Challiyil EswarChalakudy via Wikimedia Commons

There is compelling reasoning and evidence that acting similarly on tobacco products and e-cigarettes would have tremendously positive public health benefits. As the Campaign for Tobacco Free Kids points out, 95 percent of adult smokers say they got their start prior to 21.

“Nicotine’s pleasurable effects are strongest on teenage brains, making continued smoking and eventual addiction much more likely if experimentation begins early,” said a Washington Post editorial in March that argued for cities, states and Congress to do exactly what Hawaii stands ready to do now.

“Up to half of the world’s more than 1 billion smokers will die prematurely of a tobacco-related disease,” reports the World Health Organization website. The U.S. Centers for Disease Control and Prevention says that nearly one-fifth of this country’s adults smoke cigarettes, which in turn causes about one in five deaths.
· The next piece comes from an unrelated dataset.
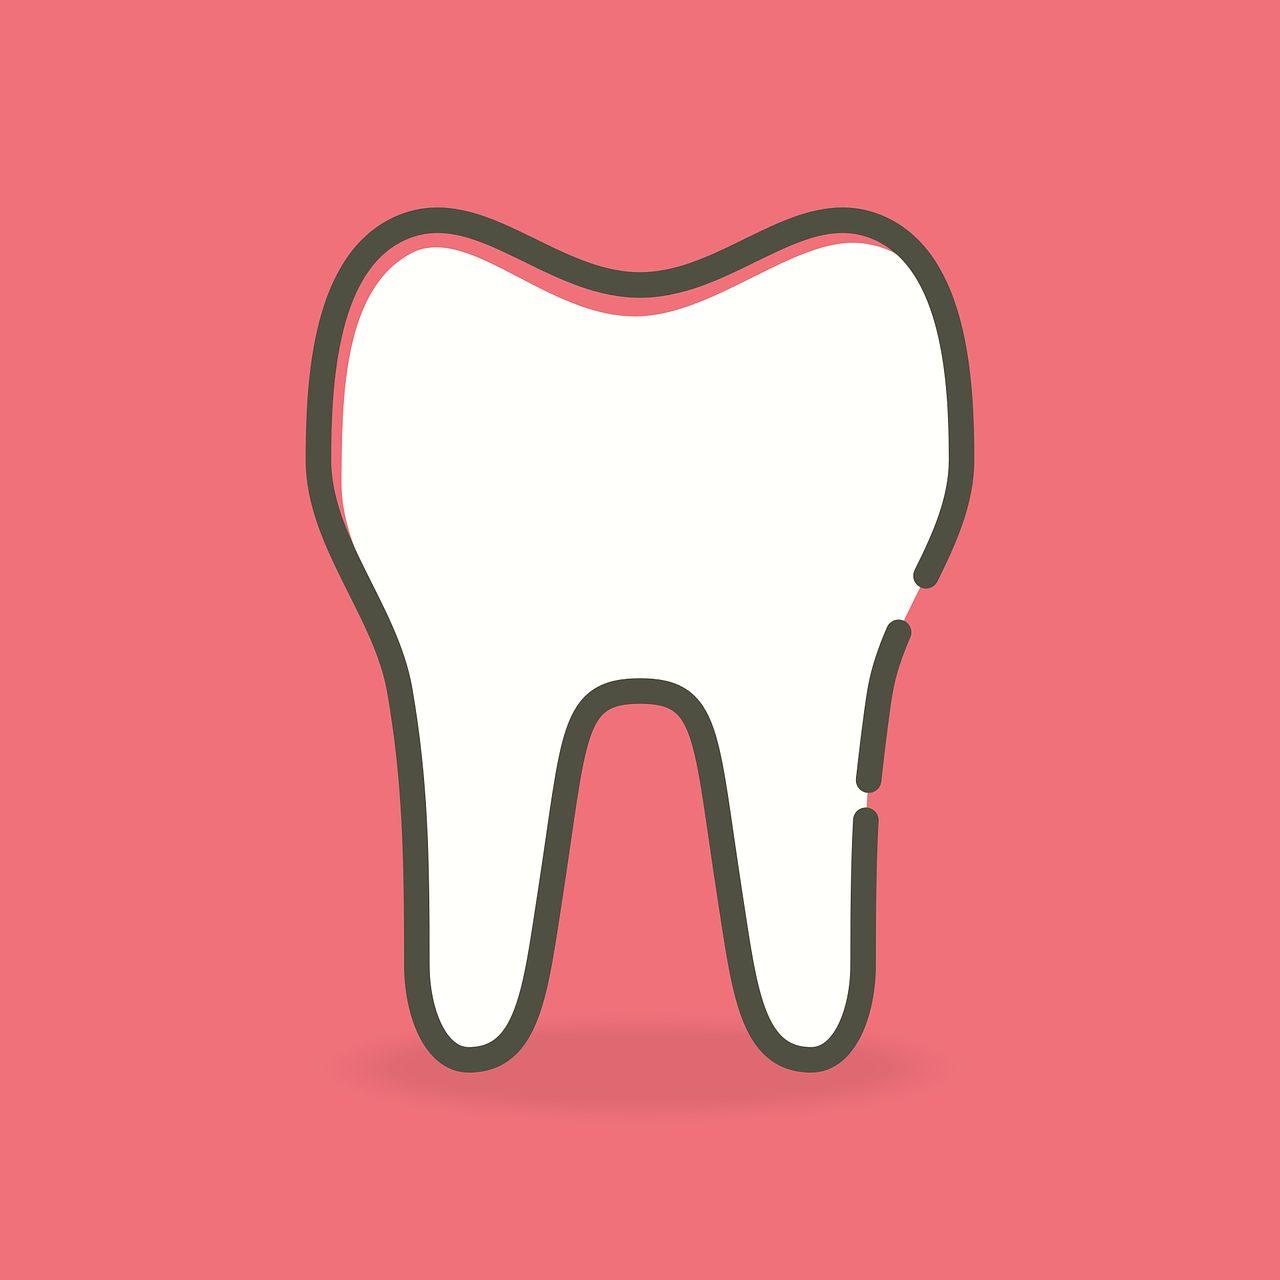 Kayser Tandartsenpraktijk J Z tandartspraktijk

A study published last year in the American Journal of Preventive Medicine showed that for every $10 in health care expenditures in the United States, just under 90 cents is due to smoking, resulting in a staggering national cost of $170 billion a year. To put that in context, consider that Honolulu could build its costly rail project 28 times for the amount that the country spends on tobacco-related health care in one year.

We know many smokers, and most strongly regret having started smoking in their teens or young adult years. And though the rate of smoking nationally has declined steadily and significantly from a high of 42 percent 50 years ago, the data show unequivocally that those who choose to light up — and who society permits to do so — bring enormous challenges to us all.
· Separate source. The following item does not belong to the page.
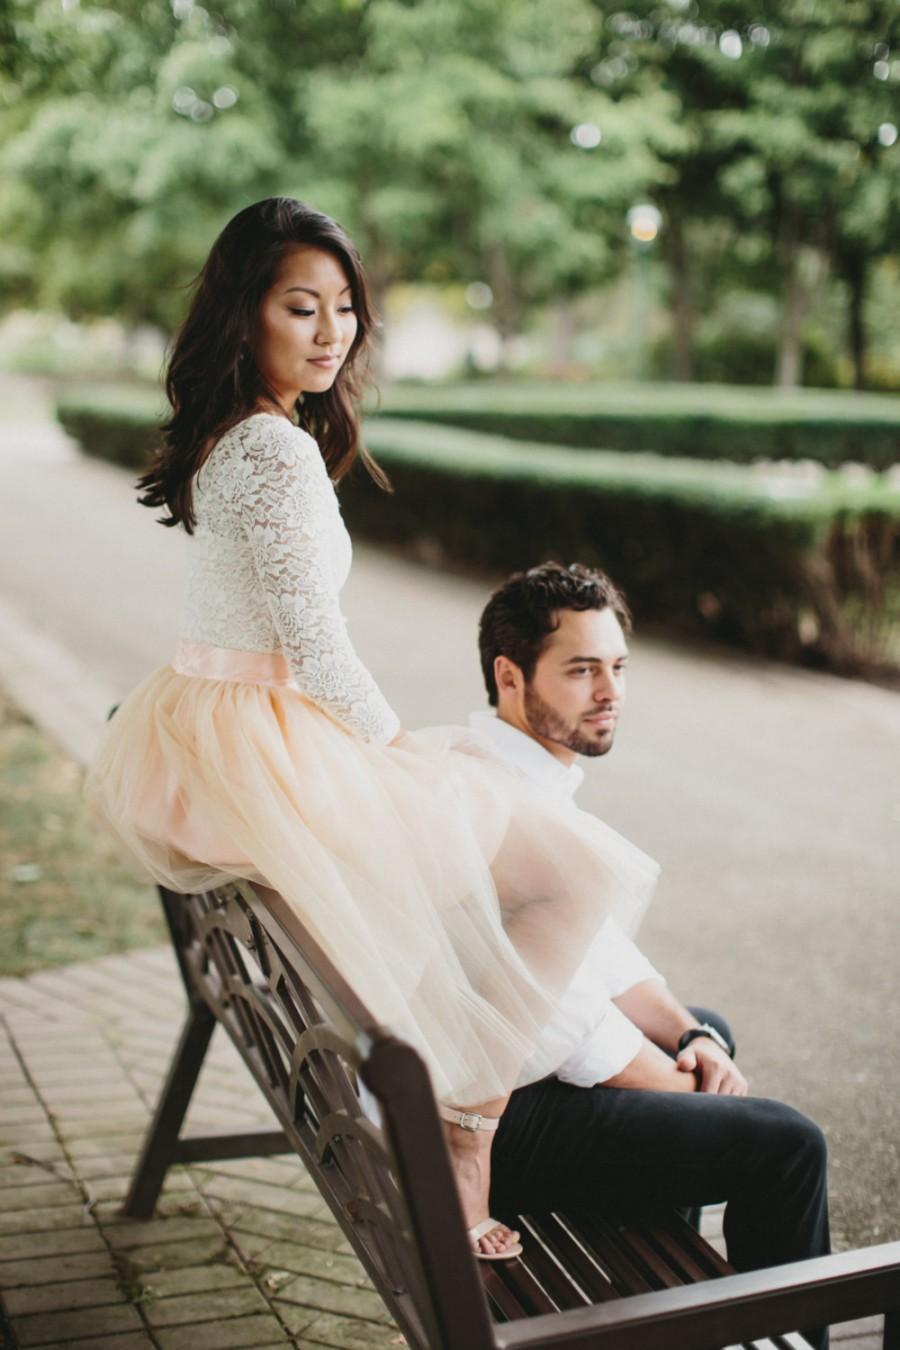 زفاف - Blush Tutu Skirt - Womens Custom Skirt - Bridesmaid Dress  - Skirts by breauxsews - Wedding Party Skirt - Midi Tulle Skirt - Tulle Skirt

Gov. David Ige now faces a difficult choice in balancing the protection of personal liberty against the major health and economic benefits of taking away that liberty from some in our state.

As difficult as that choice may be, we encourage the governor to sign the bill.
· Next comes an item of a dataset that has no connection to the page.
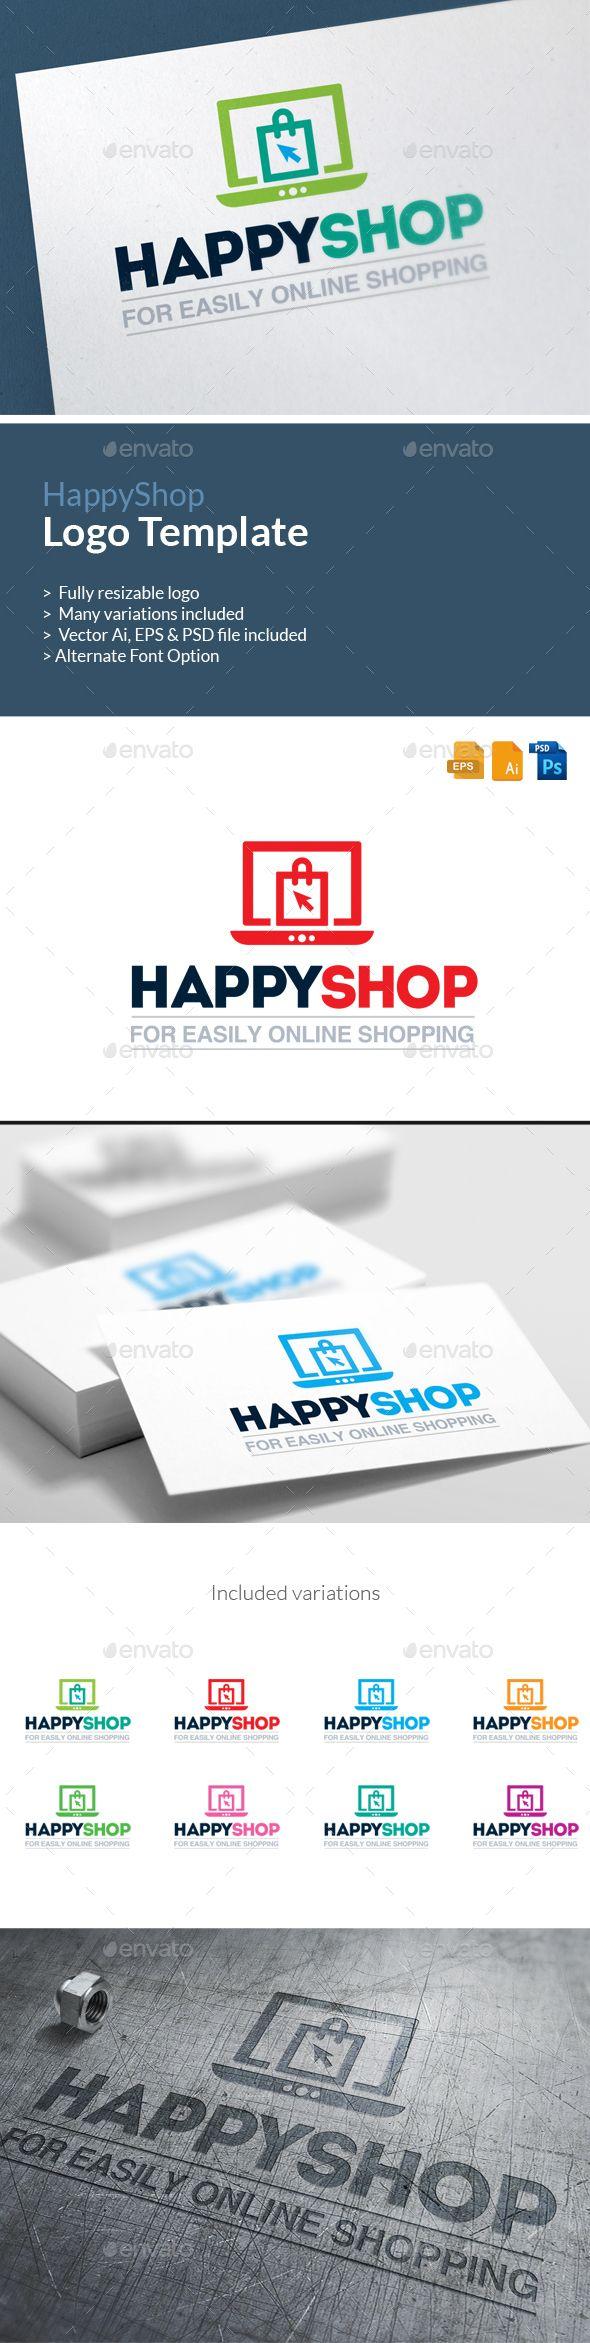 E-Commerce Logo Happy Shop Logo Template Vector EPS, AI. Download here: http://graphicriver.net/item/ecommerce-logo-happy-shop-logo-template/13933858?ref=ksioks

Tobacco stands alone as a commodity with uniquely negative and far-reaching consequences for all of society. Forestalling young adults’ ability to light up, chew or vape won’t prevent them from doing so once they reach 21. With a continued collective effort to push tobacco use further to the margins of acceptable society, we hope that ever fewer of them will make that choice.

The lives saved and costs avoided will be well worth this admitted intrusion into individual freedoms.